The DOJ's lawsuit is the second against Google and calls for the breakup of its ad-tech business. This case would be the largest corporate breakup in four decades.
"But competition in the ad tech space is broken, for reasons that were neither accidental nor inevitable. One industry behemoth, Google, has corrupted legitimate competition in the ad tech industry by engaging in a systematic campaign to seize control of the wide swath of high-tech tools used by publishers, advertisers, and brokers, to facilitate digital advertising. Having inserted itself into all aspects of the digital advertising marketplace, Google has used anticompetitive, exclusionary, and unlawful means to eliminate or severely diminish any threat to its dominance over digital advertising technologies," the complaint said.

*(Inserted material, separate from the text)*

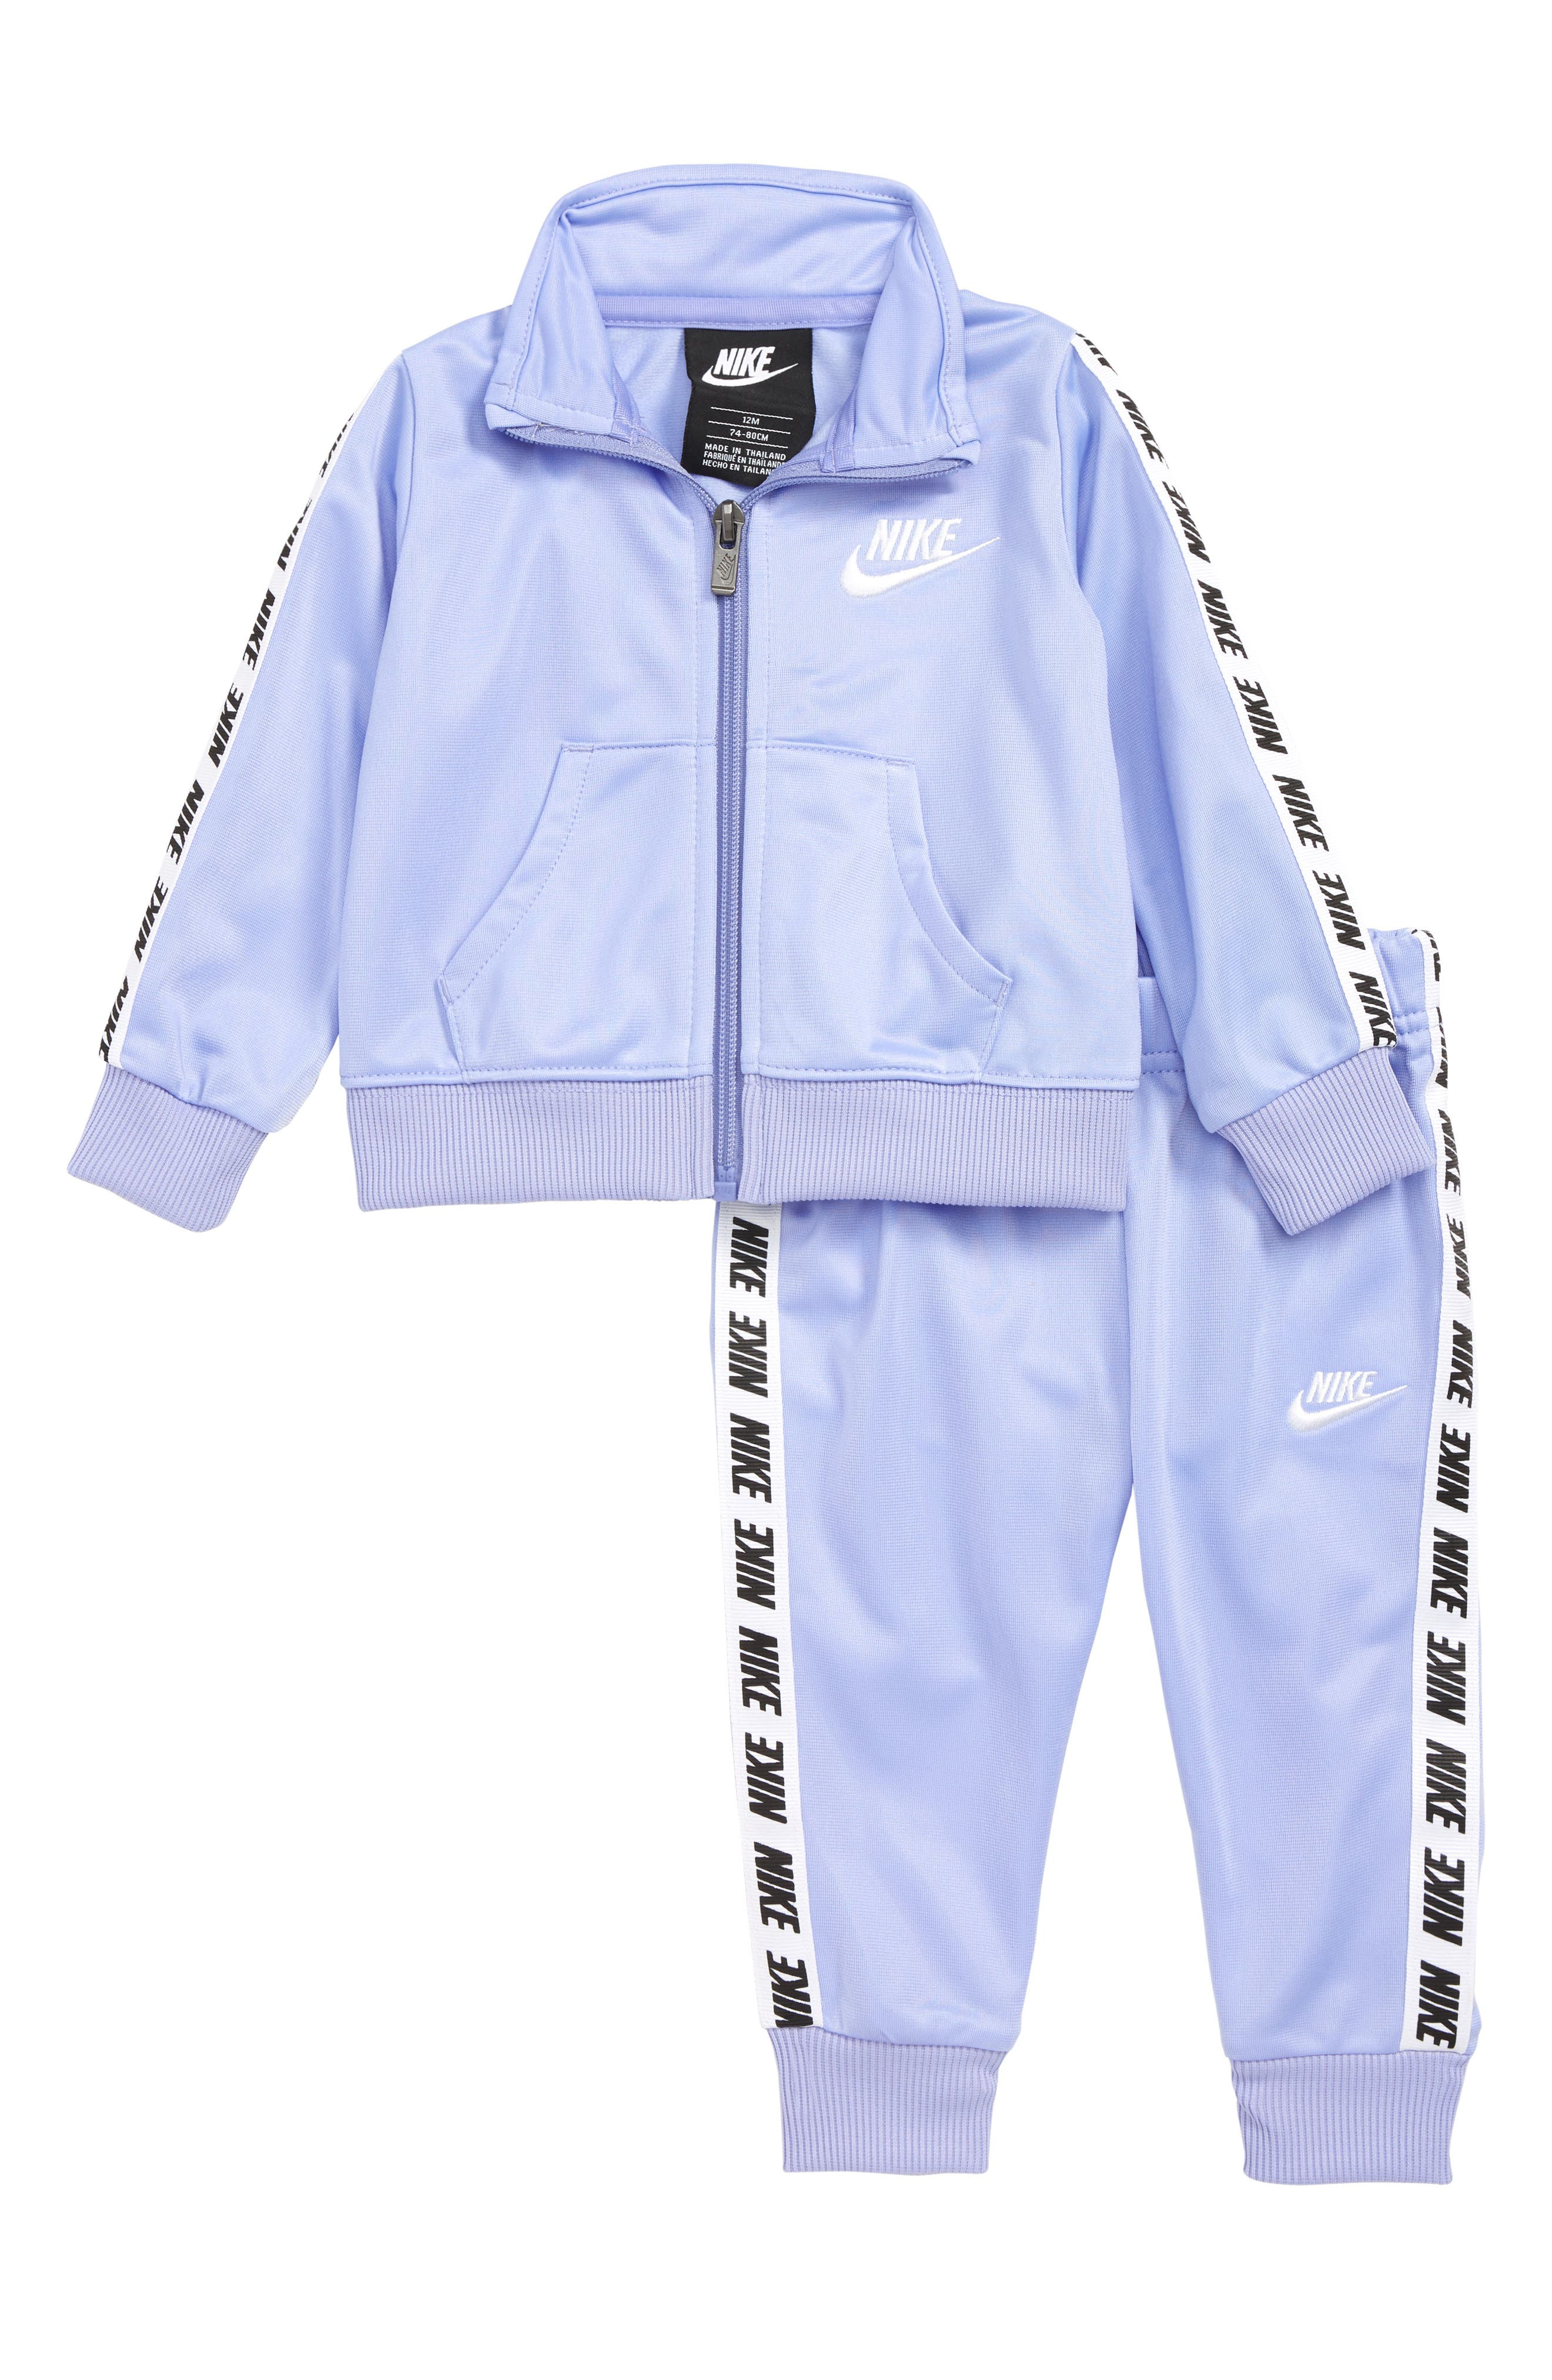 377864ec9d86 Nike Baby Clothing

And the DOJ complaint continued:
"The harm is clear: website creators earn less, and advertisers pay more, than they would in a market where unfettered competitive pressure could discipline prices and lead to more innovative ad tech tools that would ultimately result in higher quality and lower cost transactions for market participants. And this conduct hurts all of us because, as publishers make less money from advertisements, fewer publishers are able to offer internet content without subscriptions, paywalls, or alternative forms of monetization. One troubling, but revealing, statistic demonstrates the point: on average, Google keeps at least thirty cents—and sometimes far more—of each advertising dollar flowing from advertisers to website publishers through Google's ad tech tools. Google's own internal documents concede that Google would earn far less in a competitive market."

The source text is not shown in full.